Prompt:
Word for word, restate the lines of the data below between those holding "Кольцо из серебра" and "wedding-photography-georgie-greg-claudiarosecarter-267.jpg", inclusive; pictures do not belong in the copy.

Recorded information:
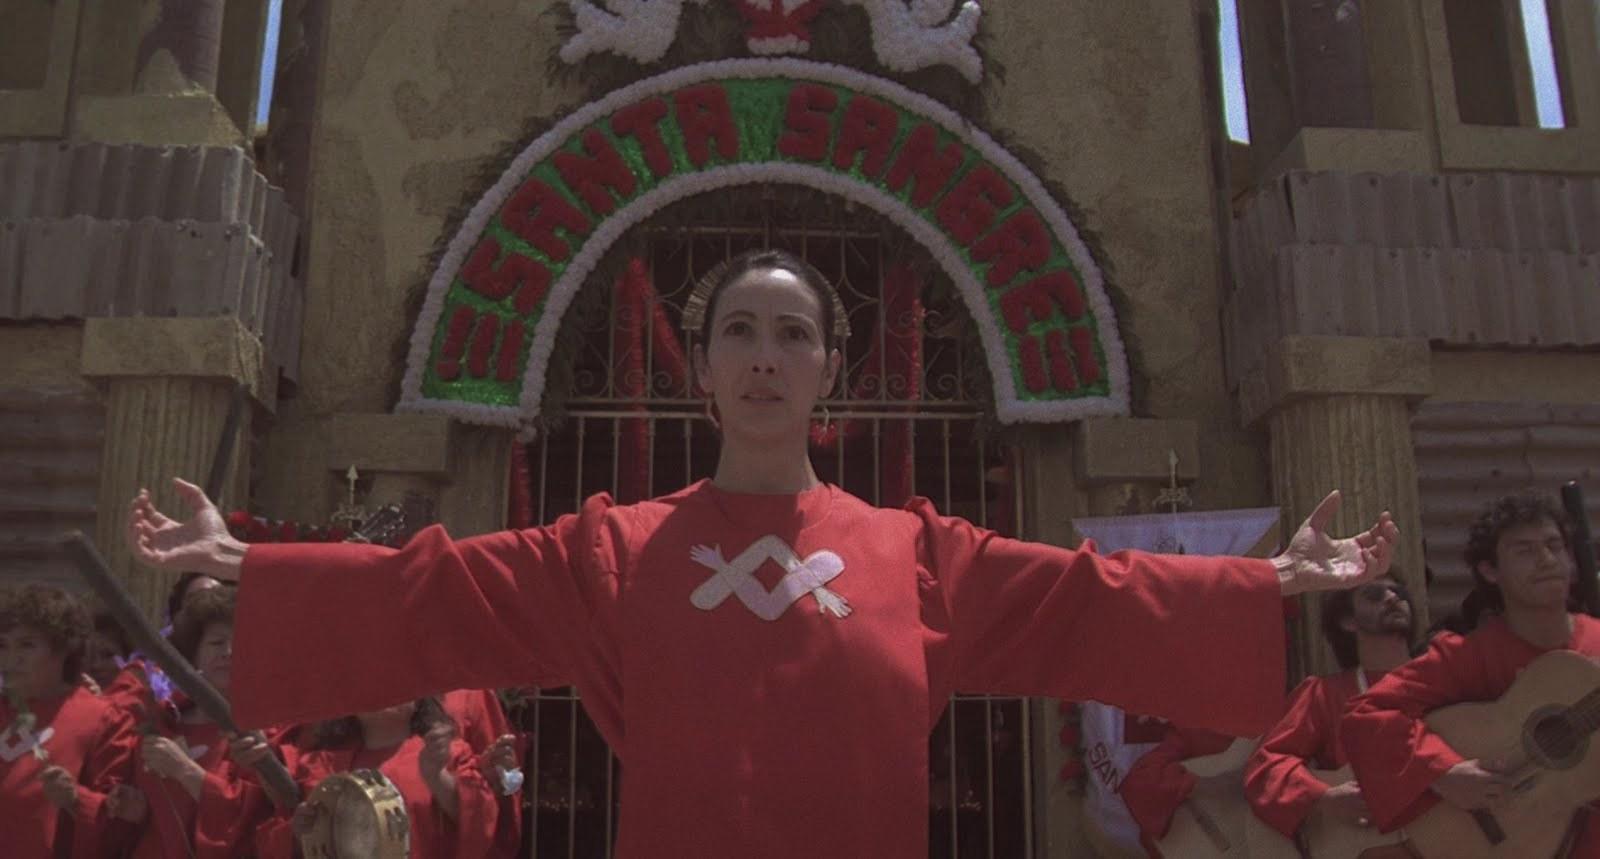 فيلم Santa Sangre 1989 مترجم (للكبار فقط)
---
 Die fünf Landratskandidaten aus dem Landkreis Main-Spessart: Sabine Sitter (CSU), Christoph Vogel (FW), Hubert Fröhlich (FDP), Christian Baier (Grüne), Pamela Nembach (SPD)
...
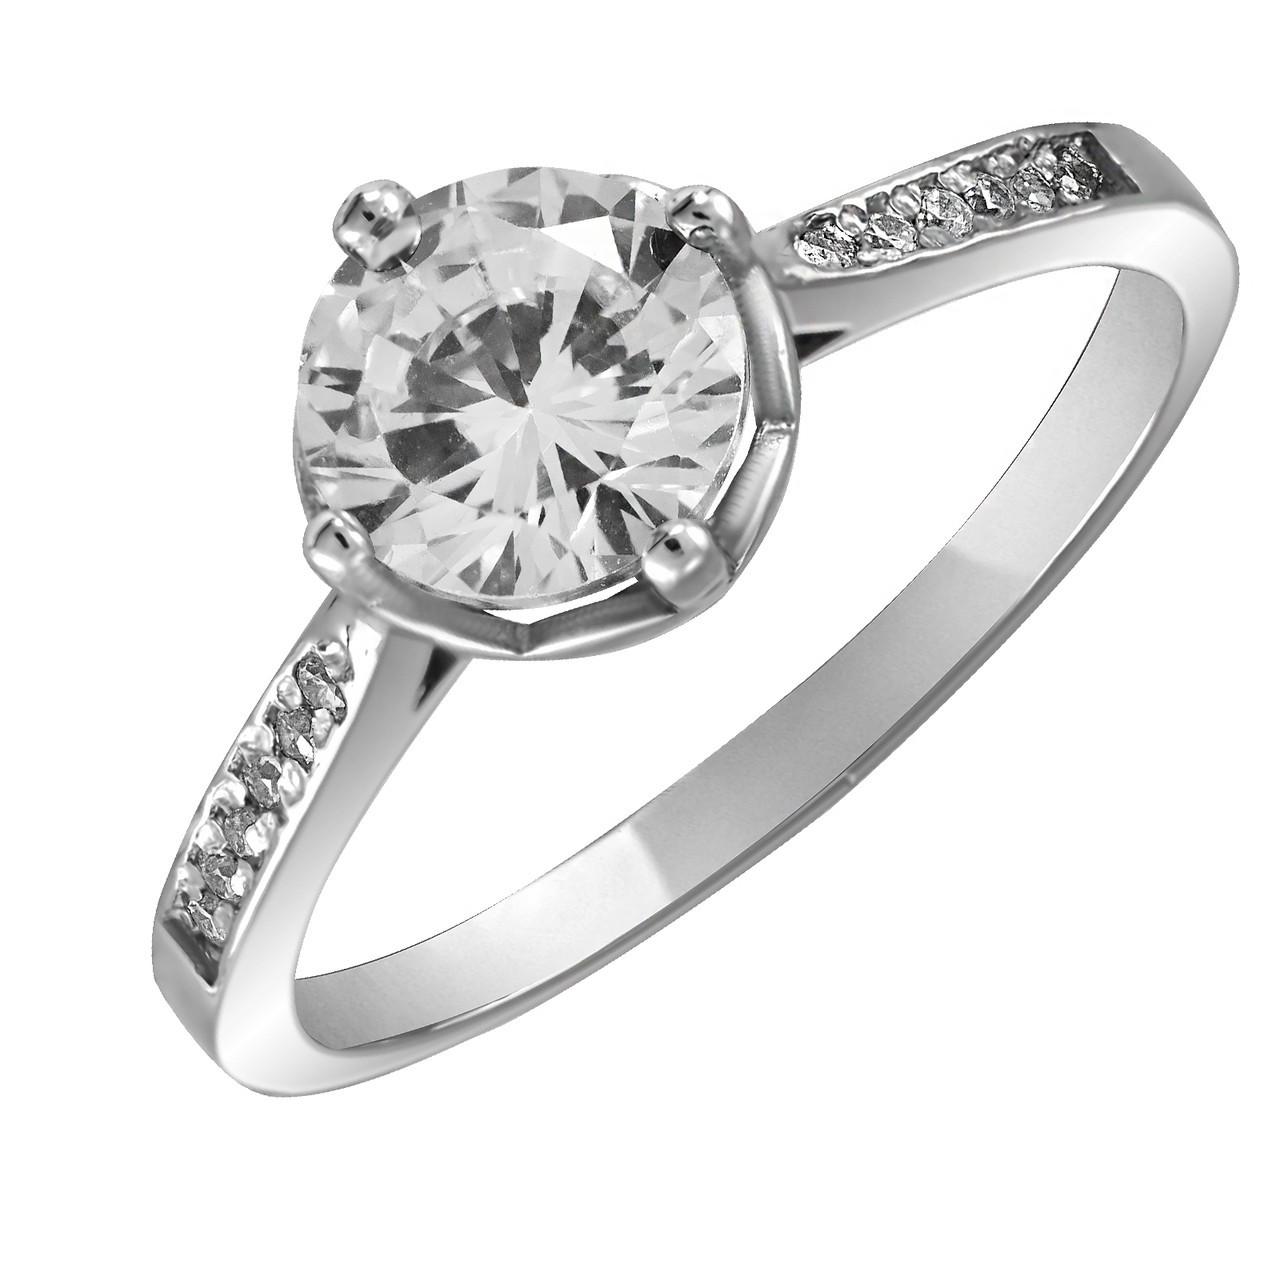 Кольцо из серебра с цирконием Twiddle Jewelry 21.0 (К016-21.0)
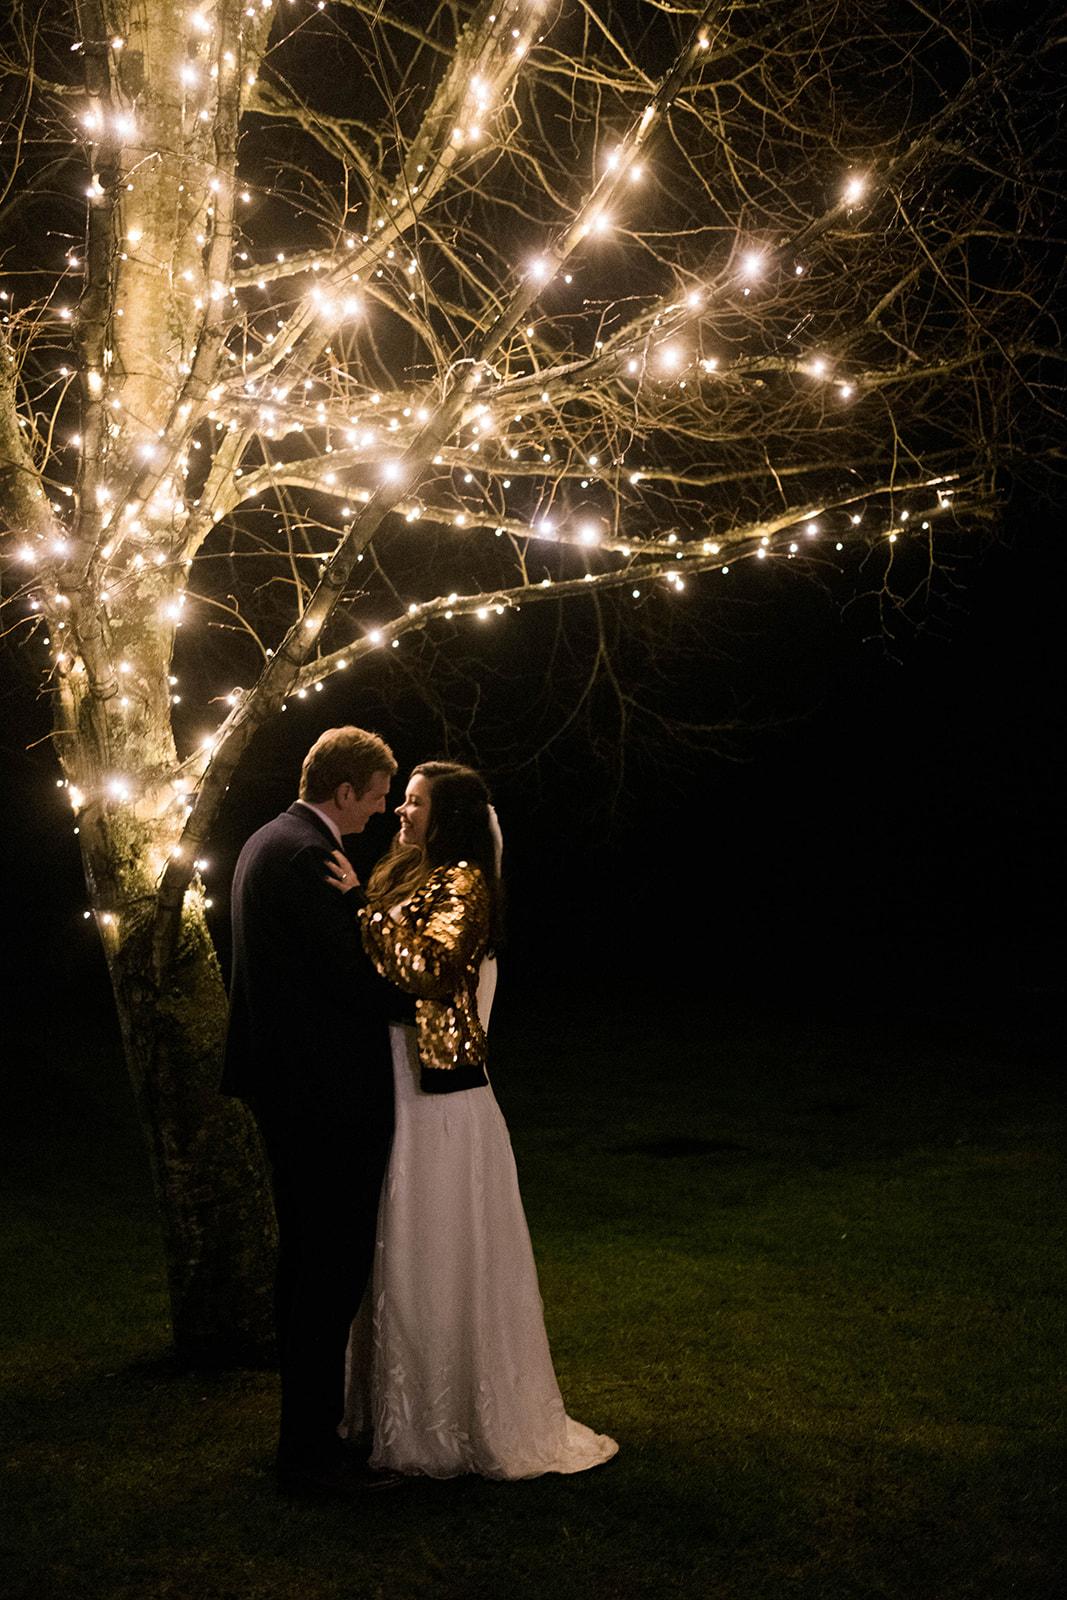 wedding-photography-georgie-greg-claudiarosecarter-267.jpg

Written solution:
 Кольцо из серебра с цирконием Twiddle Jewelry 21.0 (К016-21.0)
 wedding-photography-georgie-greg-claudiarosecarter-267.jpg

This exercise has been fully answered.